За день до отлета мы крепенько набрались в баре. Каждый из нас понимал, что расстаемся мы навсегда. Это придавало встрече оттенок горечи и раскаяния. Слишком многое, что нас связывало, обрывалось навек.

– Помнишь старый анекдот? – спросил я.

– Какой? – заранее хмыкнул Чарли.

– Дети – цветы жизни, но вырывать их надо с корнем… Сама Абби никогда бы на такое не решилась…

– Руди, – сказал он и задержал во рту уже отпитый виски, словно собирался нащупать языком упавший в бокал алмаз, – это была моя идея.

– Как это – твоя?!

– Я сделал то, что не решился сделать ты сам.

– Хочешь сказать, я бы струсил?

– Струсил! – выдохнул он. – Но ты не расстраивайся. Страх способен парализовать любого человека. Даже очень сильного.

– Эй, – хмыкнул я, – такое чувство, словно ты суешь мне под нос зеркало: а ну-ка полюбуйся, дружище! Ну и мерзкая же у тебя рожа!

Чарли задумчиво вздернул брови и посмотрел на виски в бокале.

– У меня не лучше.

Я взглянул на него сбоку: что это он несет? Но Чарли был как никогда серьезен.

– Знаешь, что нас так привязывало друг к другу?.. Мы оба позволяли себе то, чего никогда не разрешили бы никому другому. Ты говорил обо мне, и мне казалось, что это не ты, а я сам о себе говорю без прикрас, глядя в зеркало. А когда я – про тебя, то же самое думал ты.

– Так это же все равно, что стриптиз, – хмыкнул я.

– Если хочешь, – пожал плечами Чарли. – Одно дело, когда его делают за деньги, а другое – когда ради человека, которого любят.

– Что-то я не замечал ни в одном из нас обоих голубизны. На мужиков ни тебя, ни меня не тянуло.

Но Чарли пропустил мою остроту мимо ушей. Впрочем, она была не из лучших, которые могут прийти на ум. Он кинул на меня рассеянный взгляд и полез за сигарой.

– Приятели ценят друг в друге только достоинства.
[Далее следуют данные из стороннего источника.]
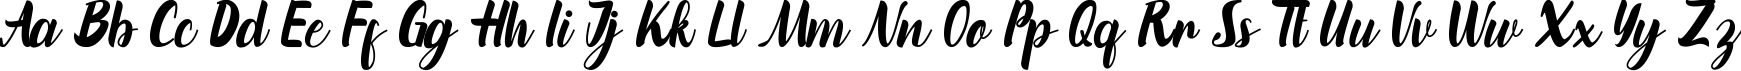 Пример написания английского алфавита шрифтом marinto

А друзья не боятся даже недостатков.

Мы посидели пару минут.

– И все-таки, знаешь, меня грызет тревога, – нарушил я молчание.

– Еще бы, – вздохнул Чарли. – Но если ты о деньгах, – когда бы они тебе ни понадобились, я – рядом. Только свистни…

– Да нет уж, Чарли! Обойдусь пенсионными от университета. Ты и так мне помог достаточно! И потом еще – это швейцарское наследство…

Домой я вернулся поздно. Абби куда-то ушла, наверное, к соседям. Я стал проверять, все ли уложено в чемоданы. Это заняло у меня минут двадцать. А когда кончил, сел смотреть телевизор. Абби вернулась через час и слегка навеселе. Я не поверил своим собственным глазам. На губах ее играла бесшабашная улыбка.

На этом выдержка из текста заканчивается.